> [WHAT IS EXPECTED]: Your answer must be an exact copy of the listing that follows, with all pictures omitted.

> [PROVIDED DATA]:

_ _ _ _ _ _ _

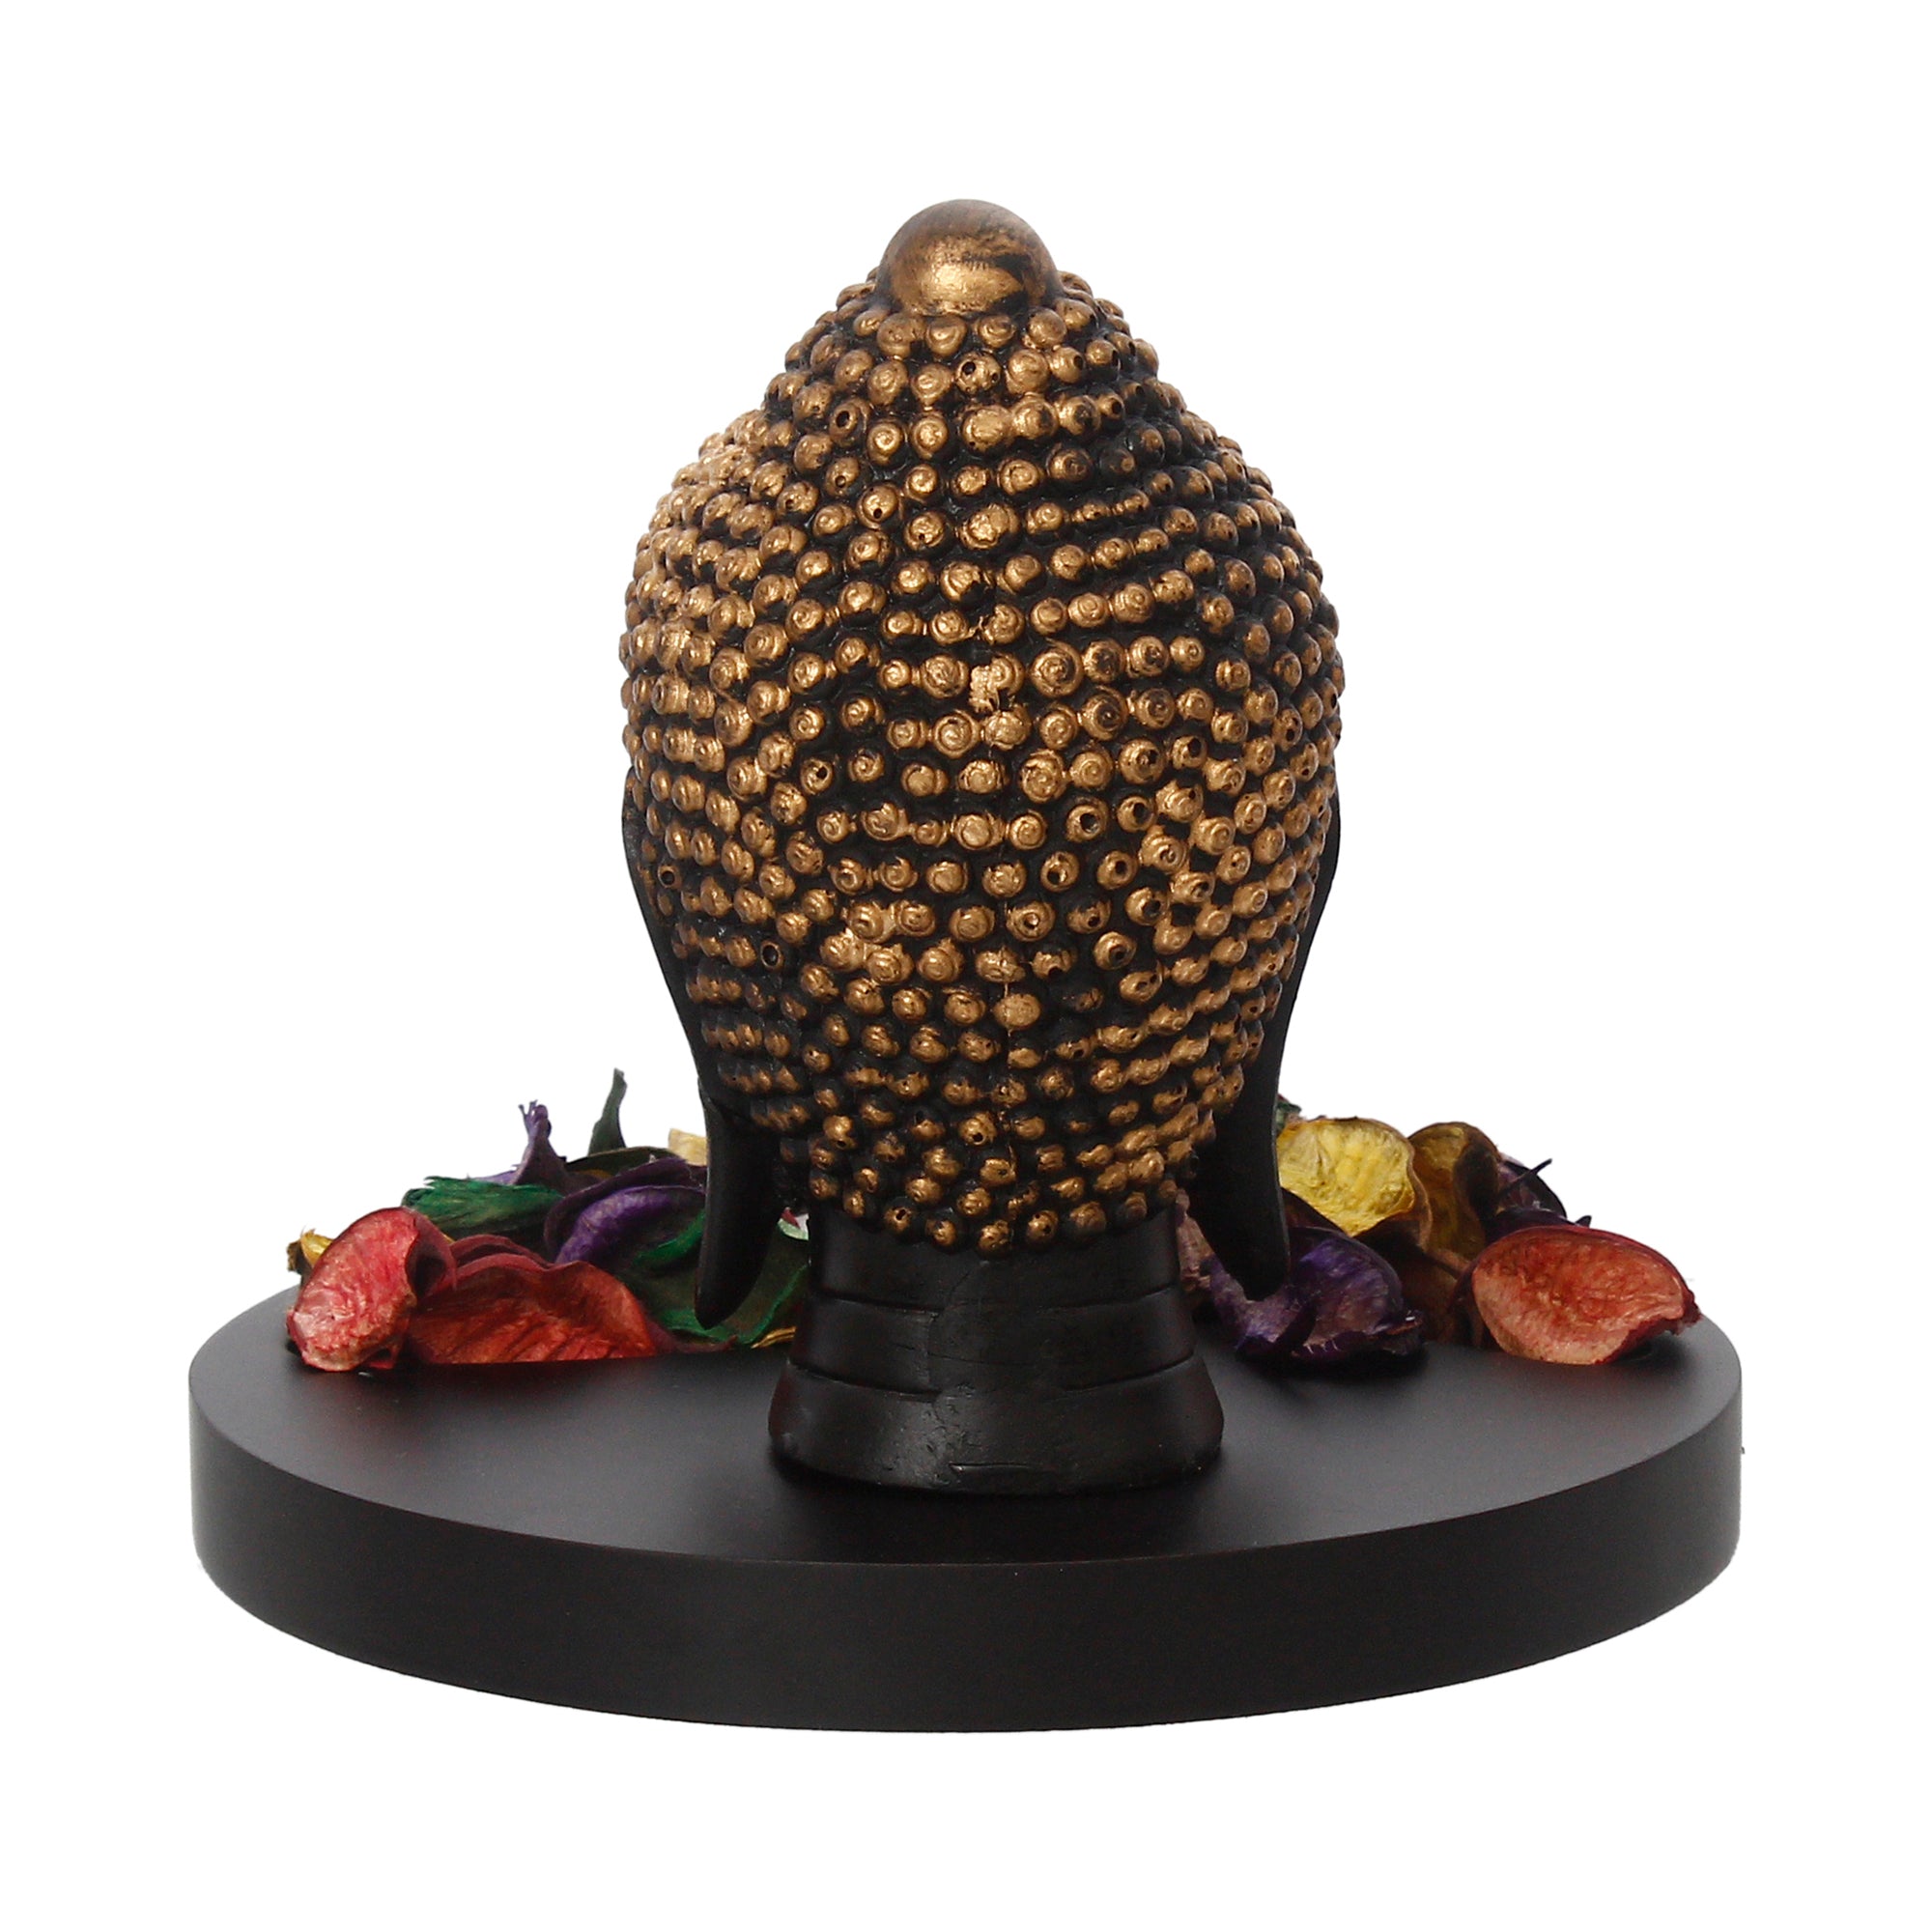 Decorative Black and Golden Buddha Head Statue with Wooden Base, Fragranced Petals and Tealight 6
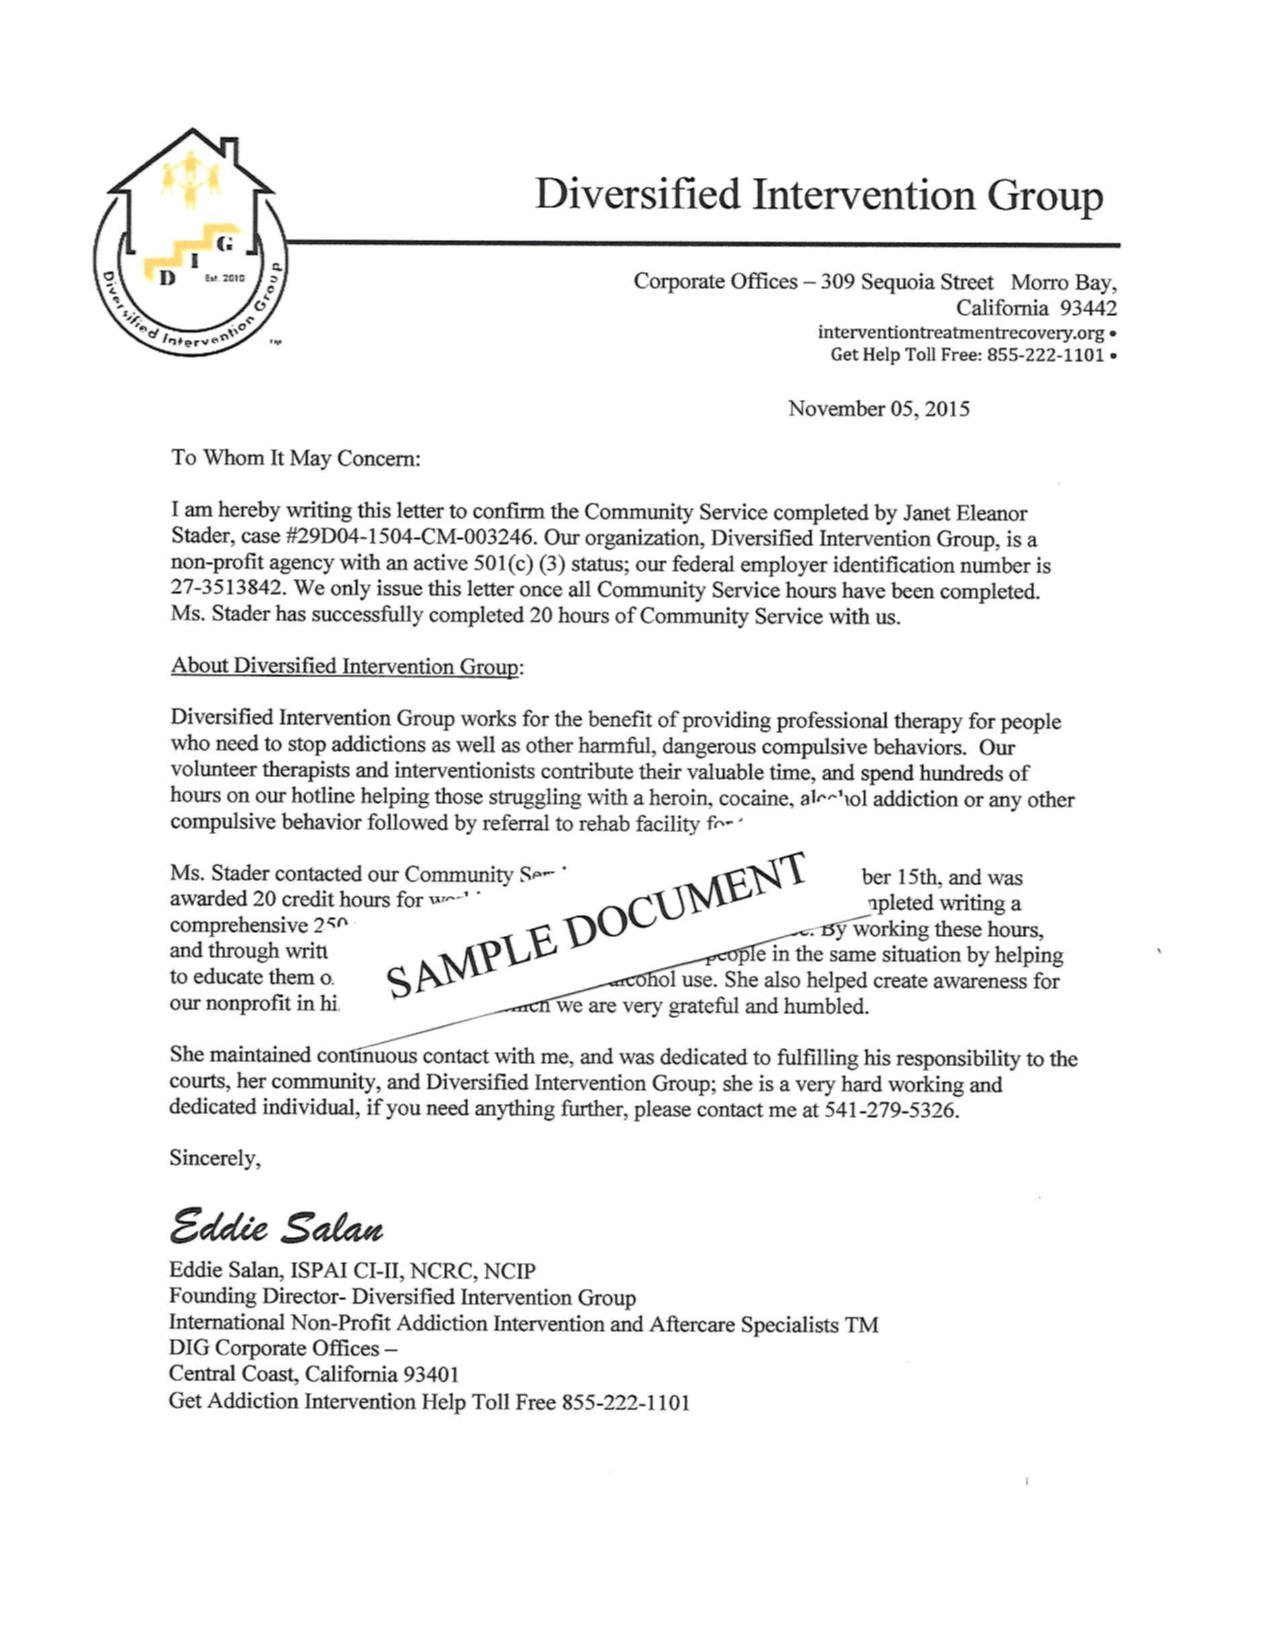 Court ordered Community Service Letter Template - How to Write An Intervention Letter Gallery Letter format formal
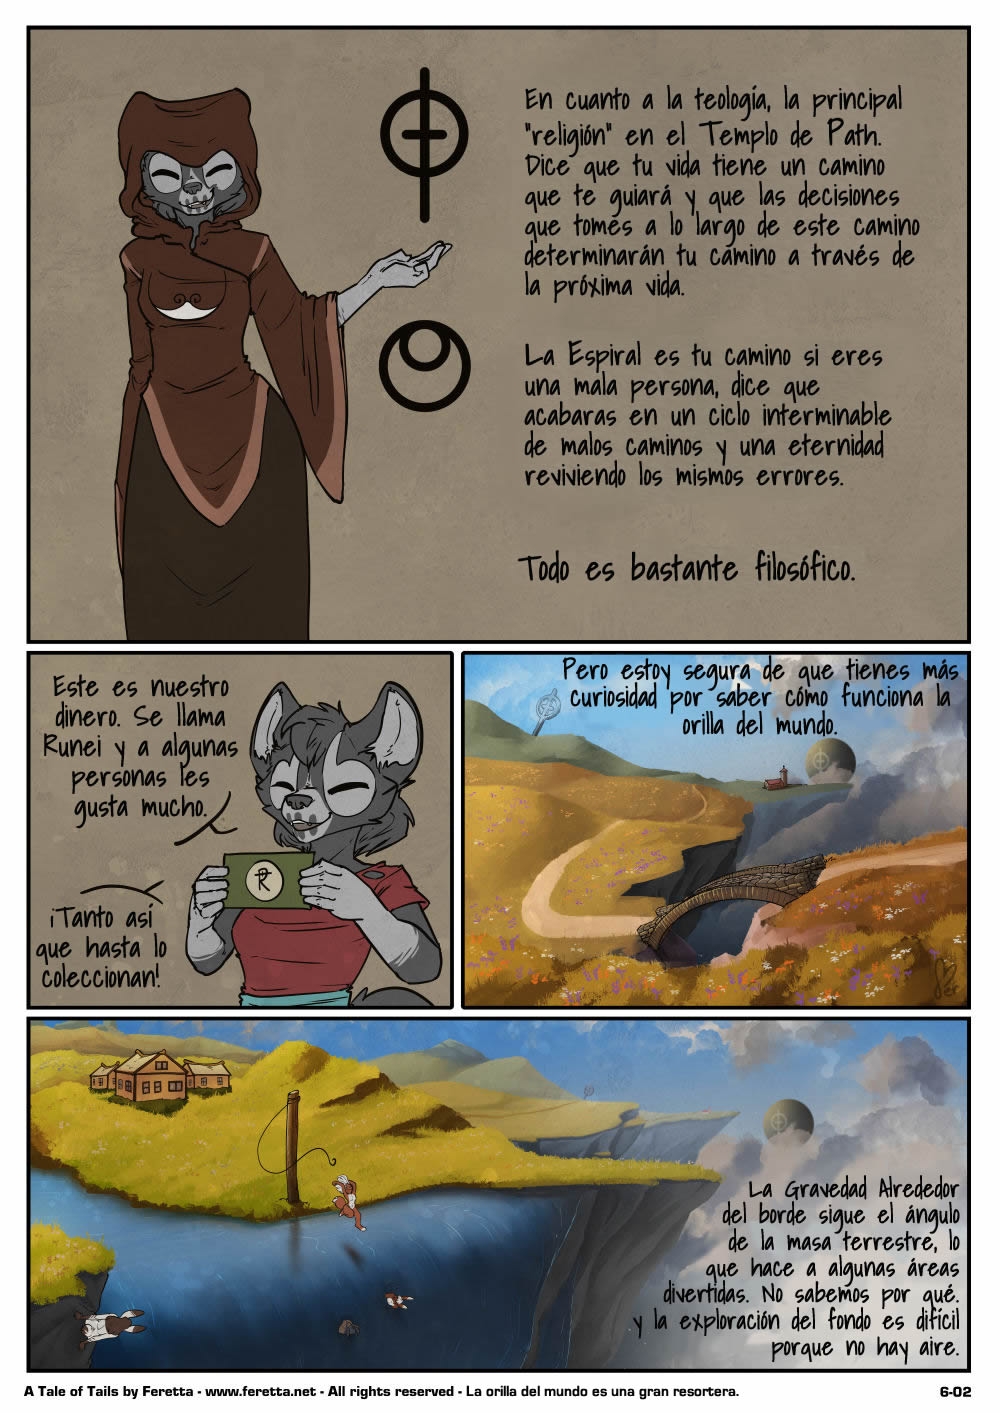 [Feretta] A Tale of Tails: Chapter 6 - Paths converge / Los caminos convergen [Spanish] [Red Fox Makkan] 2

_ _ _ _ _ _ _

> [EXPECTED ANSWER]:
 Decorative Black and Golden Buddha Head Statue with Wooden Base, Fragranced Petals and Tealight 6
 Court ordered Community Service Letter Template - How to Write An Intervention Letter Gallery Letter format formal
 [Feretta] A Tale of Tails: Chapter 6 - Paths converge / Los caminos convergen [Spanish] [Red Fox Makkan] 2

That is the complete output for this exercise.